Privacy-preserving voice protection approaches primarily suppress privacy-related information derived from paralinguistic attributes while preserving the linguistic content. Existing solutions focus on single-speaker scenarios. However, they lack practicality for real-world applications, i.e., multi-speaker scenarios. In this paper, we present an initial attempt to provide a multi-speaker anonymization benchmark by defining the task and evaluation protocol, proposing benchmarking solutions, and discussing the privacy leakage of overlapping conversations. Specifically, ideal multi-speaker anonymization should preserve the number of speakers and the turn-taking structure of the conversation, ensuring accurate context conveyance while maintaining privacy. To achieve that, a cascaded system uses speaker diarization to aggregate the speech of each speaker and speaker anonymization to conceal speaker privacy and preserve speech content.
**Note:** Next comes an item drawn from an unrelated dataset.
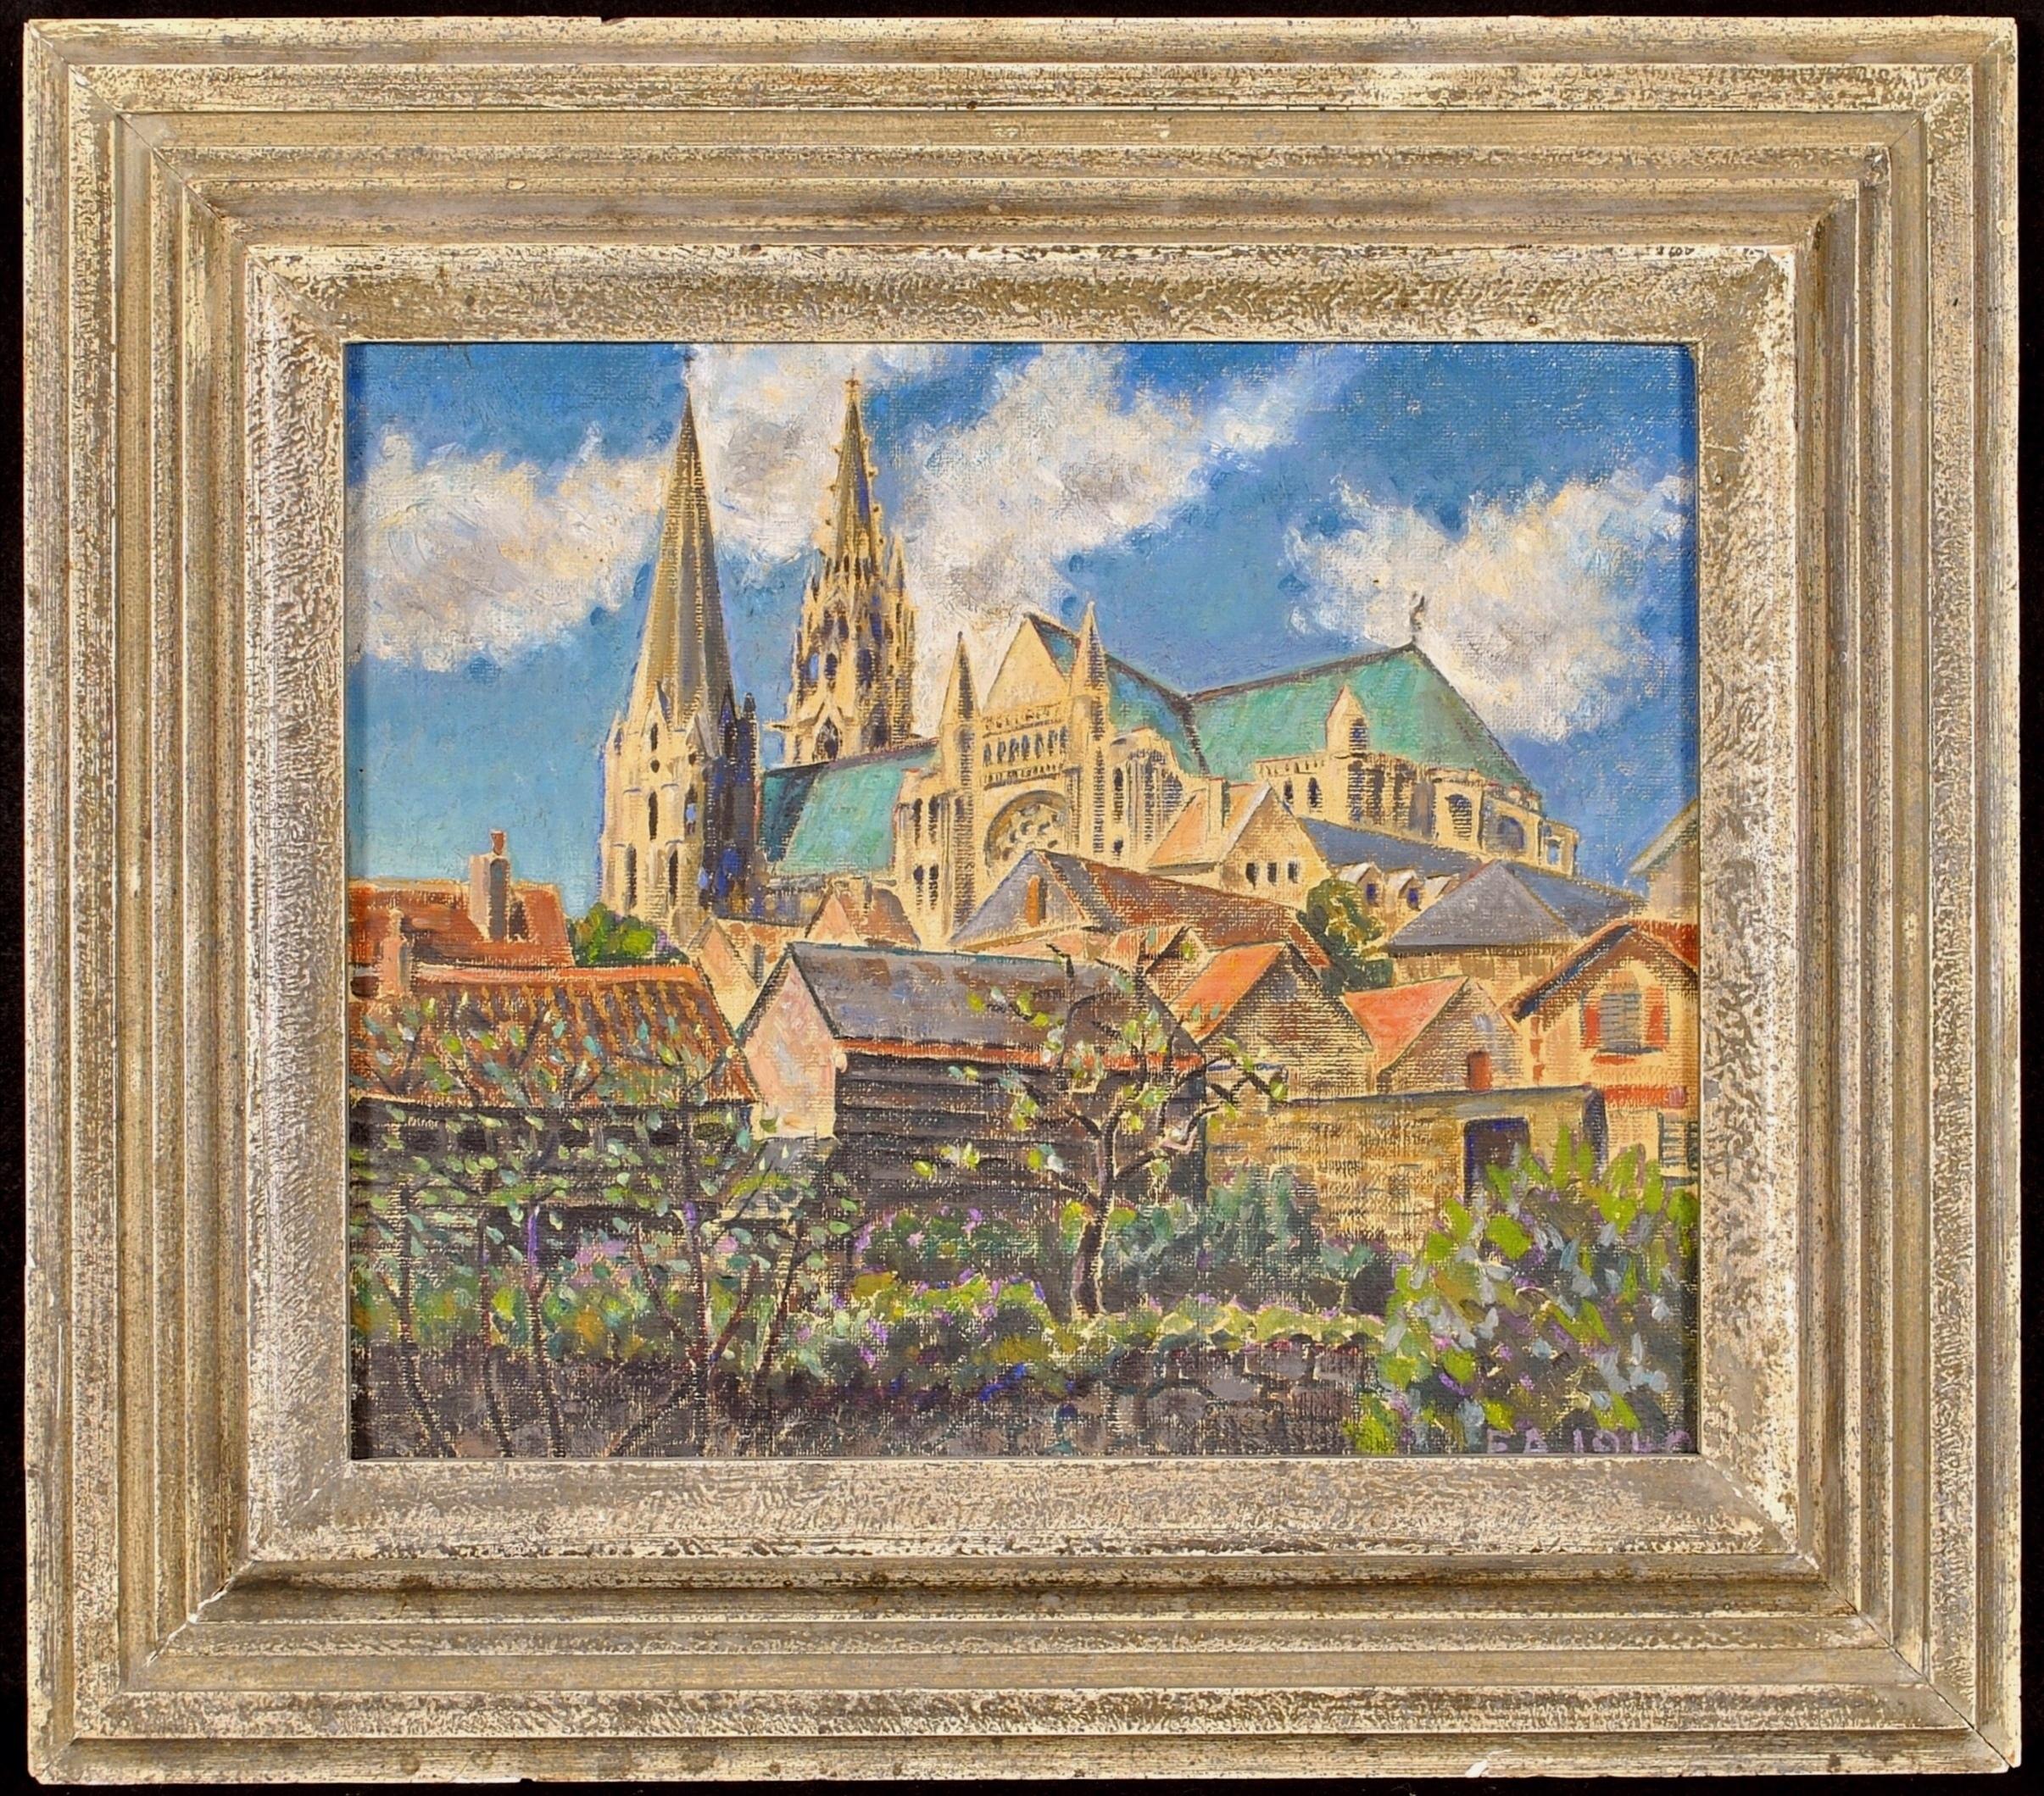 Chartres - English Impressionist France Town Landscape Oil on Canvas Painting

Additionally, we propose two conversation-level speaker vector anonymization methods to improve the utility further. Both methods aim to make the original and corresponding pseudo-speaker identities of each speaker unlinkable while preserving or even improving the distinguishability among pseudo-speakers in a conversation. The first method minimizes the differential similarity across speaker pairs in the original and anonymized conversations to maintain original speaker relationships in the anonymized version. The other method minimizes the aggregated similarity across anonymized speakers to achieve better differentiation between speakers. Experiments conducted on both non-overlap simulated and real-world datasets demonstrate the effectiveness of the multi-speaker anonymization system with the proposed speaker anonymizers. Additionally, we analyzed overlapping speech regarding privacy leakage and provide potential solutions.

7/9/2024